AFTER two turbulent years of board room instability at The Australian Agricultural Company (AACo), including five different chairmen in that time, the pressure to deliver a big lift in business performance is weighing heavily on the shoulders of management.
Getting greater value from carcase yield, including the market for offal, and using the market experience of AACo's Dubai-based shareholder IFCO, have become other growth strategies for chief executive David Farley, who joined the company in December.
He was previously best known in Australia for leading the massive growth of Colly Cotton in the 1980s and '90s, before moving to the US to work in the cotton industry and run a farmer co-operative.

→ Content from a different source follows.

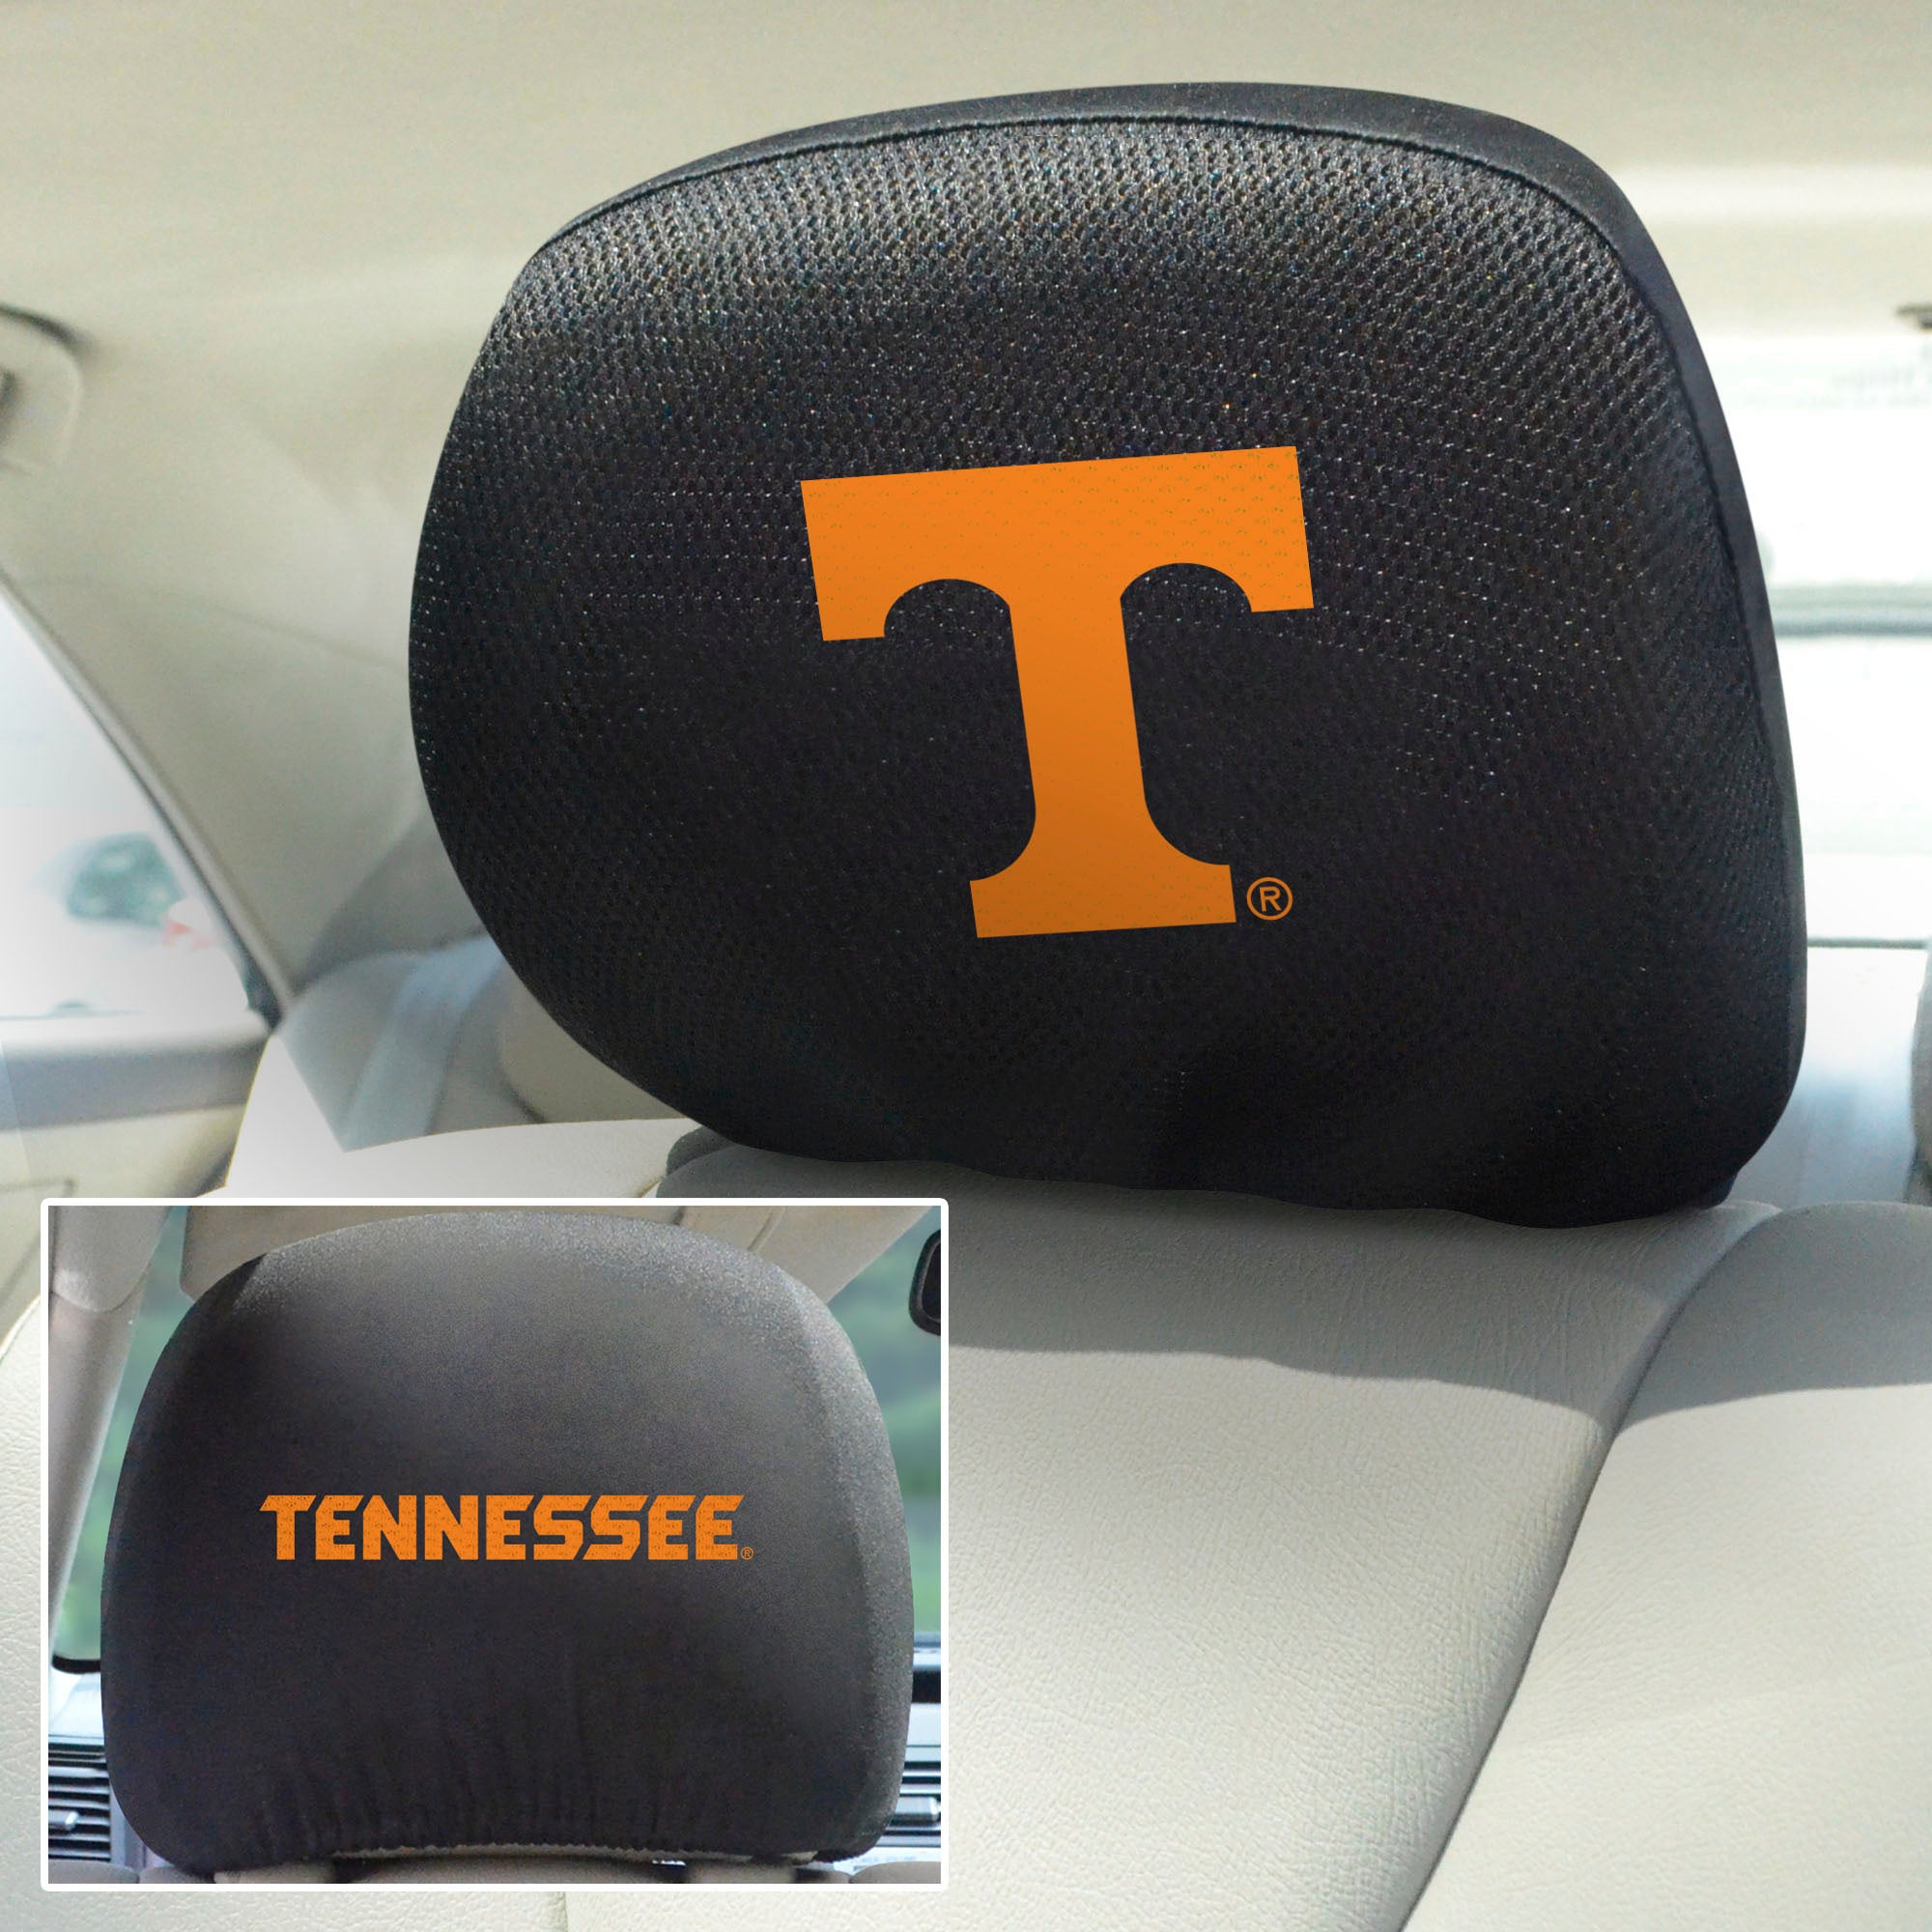 University of Tennessee Set of 2 Headrest Covers

AACo interim chairman, Nick Burton Taylor, told last week's AGM the board had great confidence in the new era of management under Mr Farley, his new chief operating officer, Troy Setter and new chief financial officer, Kerrie Parker.
Mr Setter moved from the Elders-owned North Australian Cattle Company in March, where he was responsible for global live cattle exports and international box meat sales and had a strong grounding in Asian markets, while Ms Parker is a former financial head of both Golden Circle and Sara Lee in Australia.

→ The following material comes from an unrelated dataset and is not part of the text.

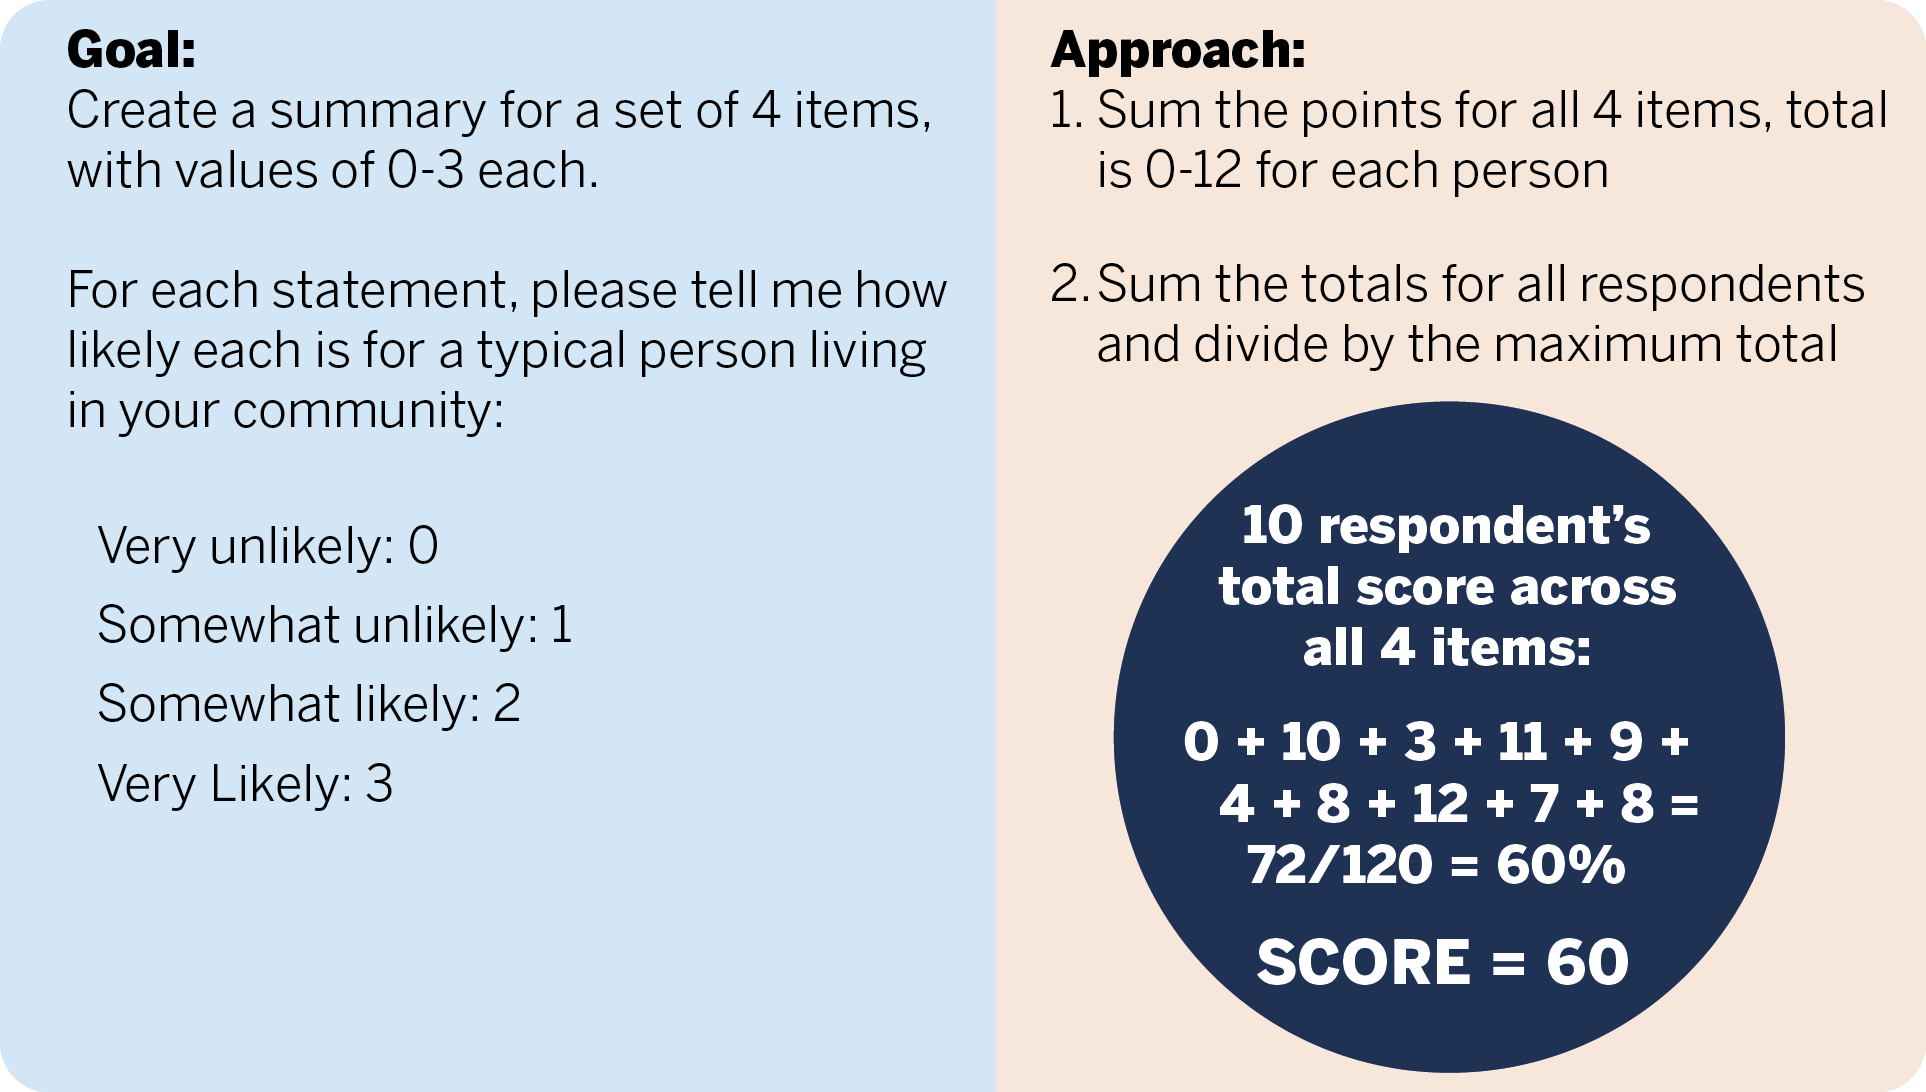 Goal: Create a summary for a set of 4 items (very unlikely = 0, somewhat unlikely: 1, somewhat likely: 2, very likely: 3), with values of 0-3 each; Approach: 1. Sum the points for all 4 items, total is 0-12 for each person, 2. Sum the totals for all respondents and divide by the maximum total

IFCO, the biggest red meat processor in India, holds a 10 per cent stake in AACo and has extensive contacts in the Middle East.

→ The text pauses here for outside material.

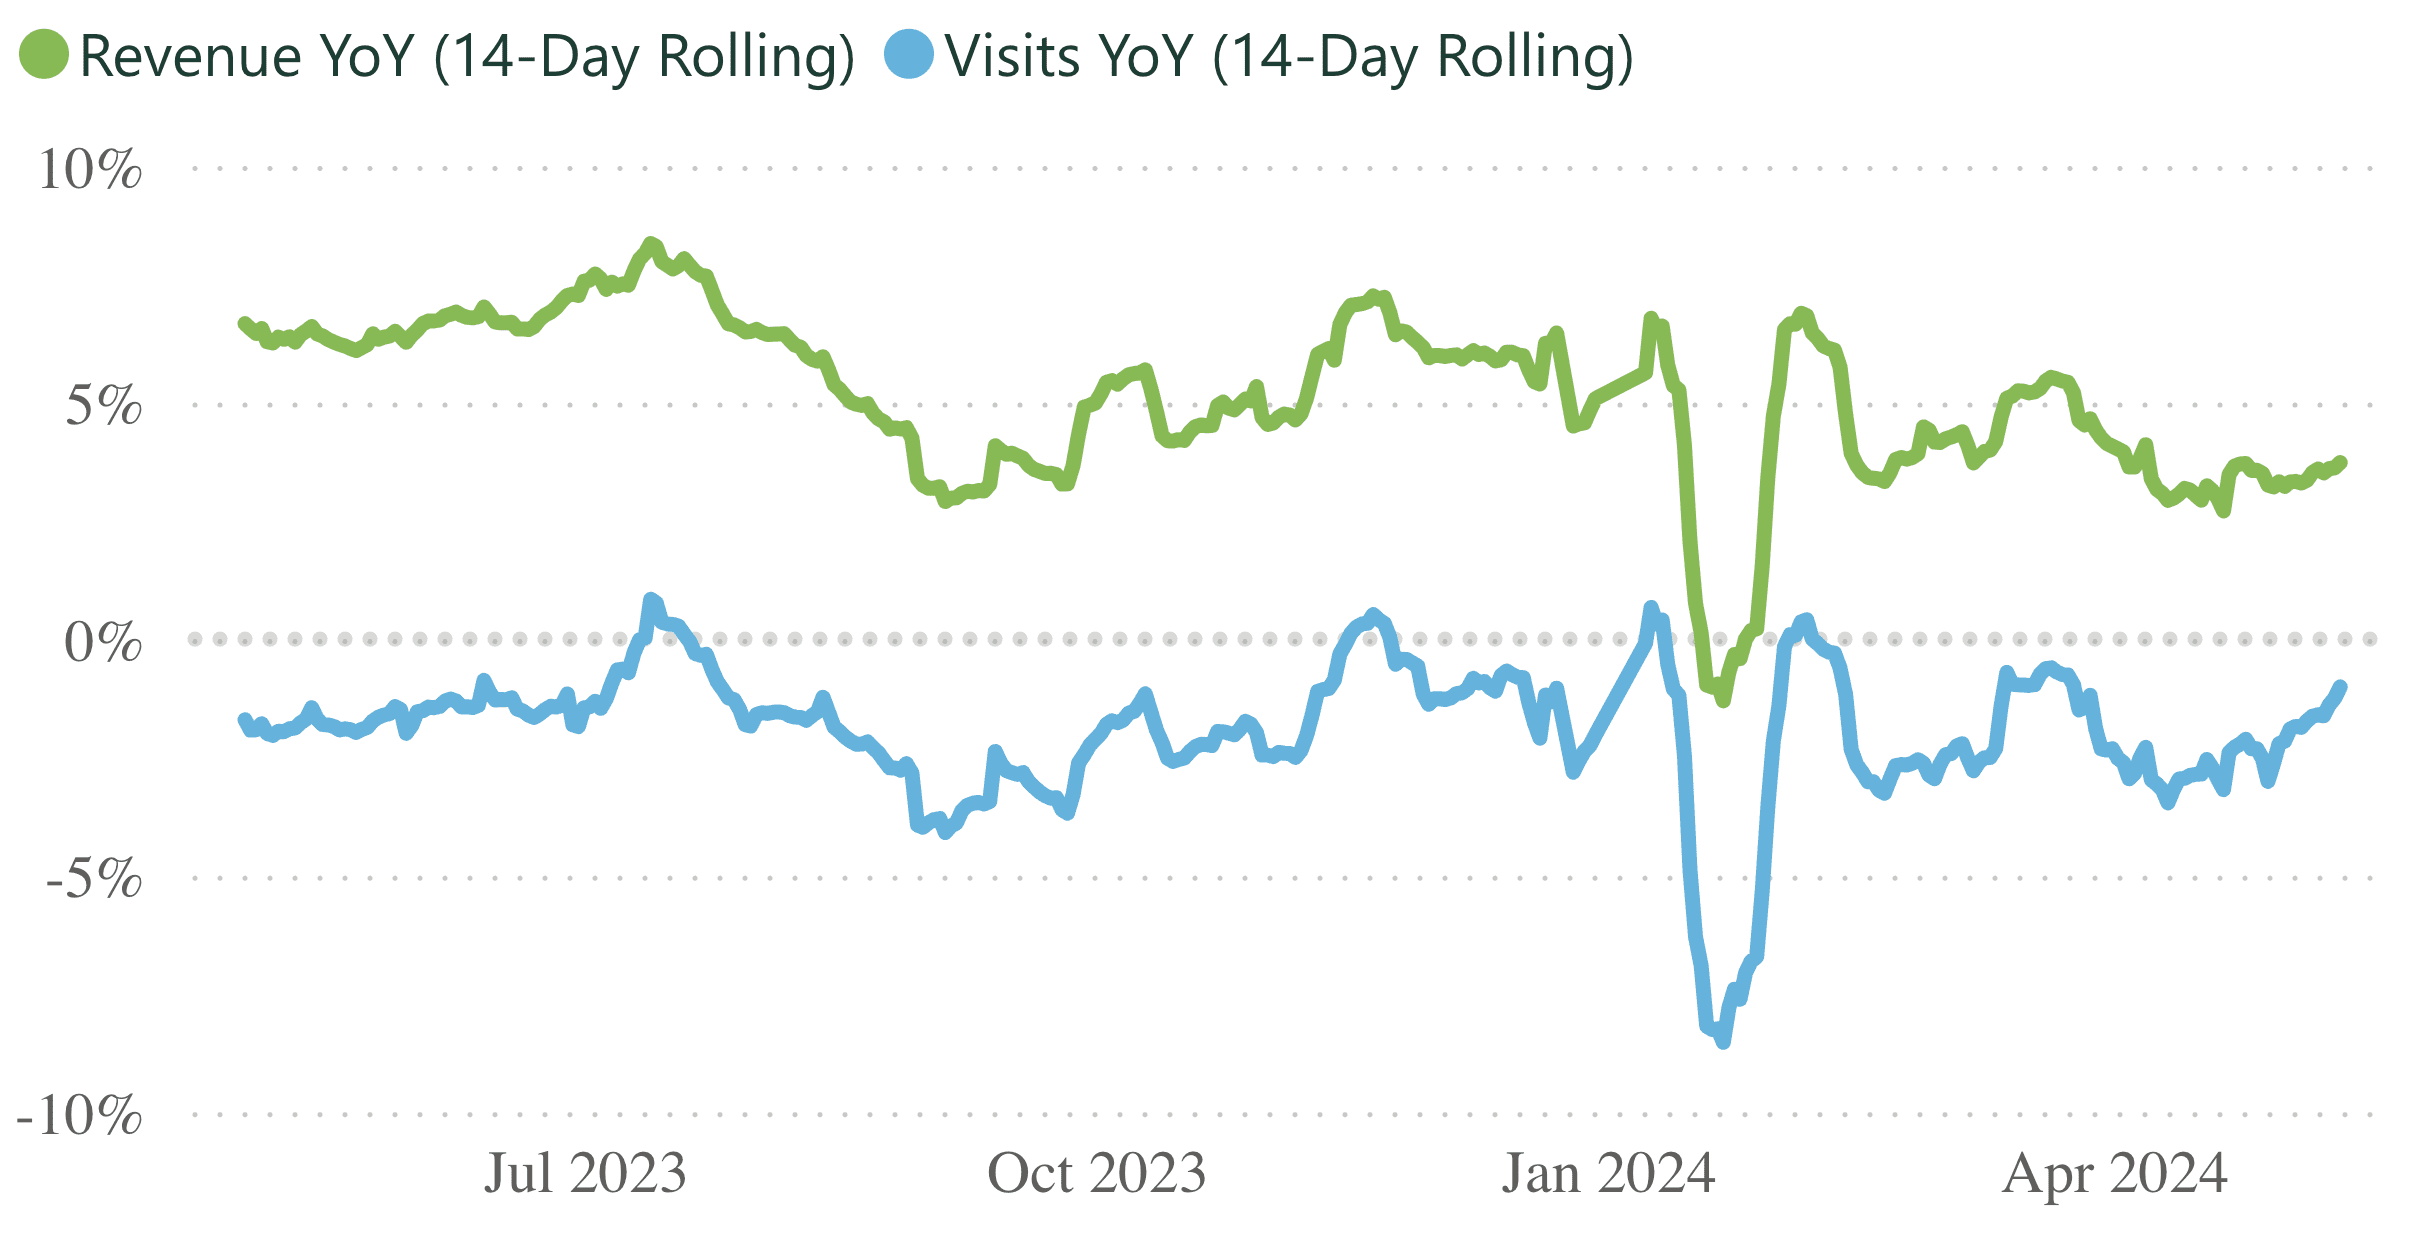 A line graph showing revenue and visits per practice, for a 14 day rolling period.

It plans to help open new markets in the region for AACo - Australia's biggest cattle business with a 600,000-strong herd - while fellow 10pc shareholder, the Malaysian-based agribusiness Felda wants to develop its own cattle business alongside its vast palm-oil plantations possibly including lot feeding stock imported from Australia.
Mr Burton Taylor said after emerging from widespread drought and floods in northern Australia in recent seasons, plus a board directorship revamp, there were "no excuses" left for management or directors.
He said last year's global financial insecurity and seasonal setbacks had contributed to a "deplorable" profit performance.
Low cattle prices and the strong dollar had further frustrated management, which had also been distracted by changes at board level.
But now "there's a real sense of optimism in the way the business is performing", he said.
Cattle prices had risen significantly since December, stocking numbers had been increased with the purchase of 45,000 extra head to take advantage of good seasonal conditions on many AACo properties and calving rates were set to be better than last year.
But after declaring a $76 million loss (including write-downs) for 2009 and the company's share price trading at roughly a 42 per cent discount to its net tangible asset backing (and less than half level's of two years ago), Mr Burton Taylor appreciated shareholder concern and disappointment about AACo's 2009 result.
Although reluctant to give any profit guidance for 2010 he said one of the key building blocks to recovery and stability in the company was the appointment of former Telstra chairman and high profile Victorian farmer, Don McGauchie, as yet another chairman for AACo.
Mr McGauchie, currently overseas, starts the new job in July and according to Mr Burton Taylor would bring with him a formidable range of commercial skills, leadership experience and commitment to agriculture's prosperity.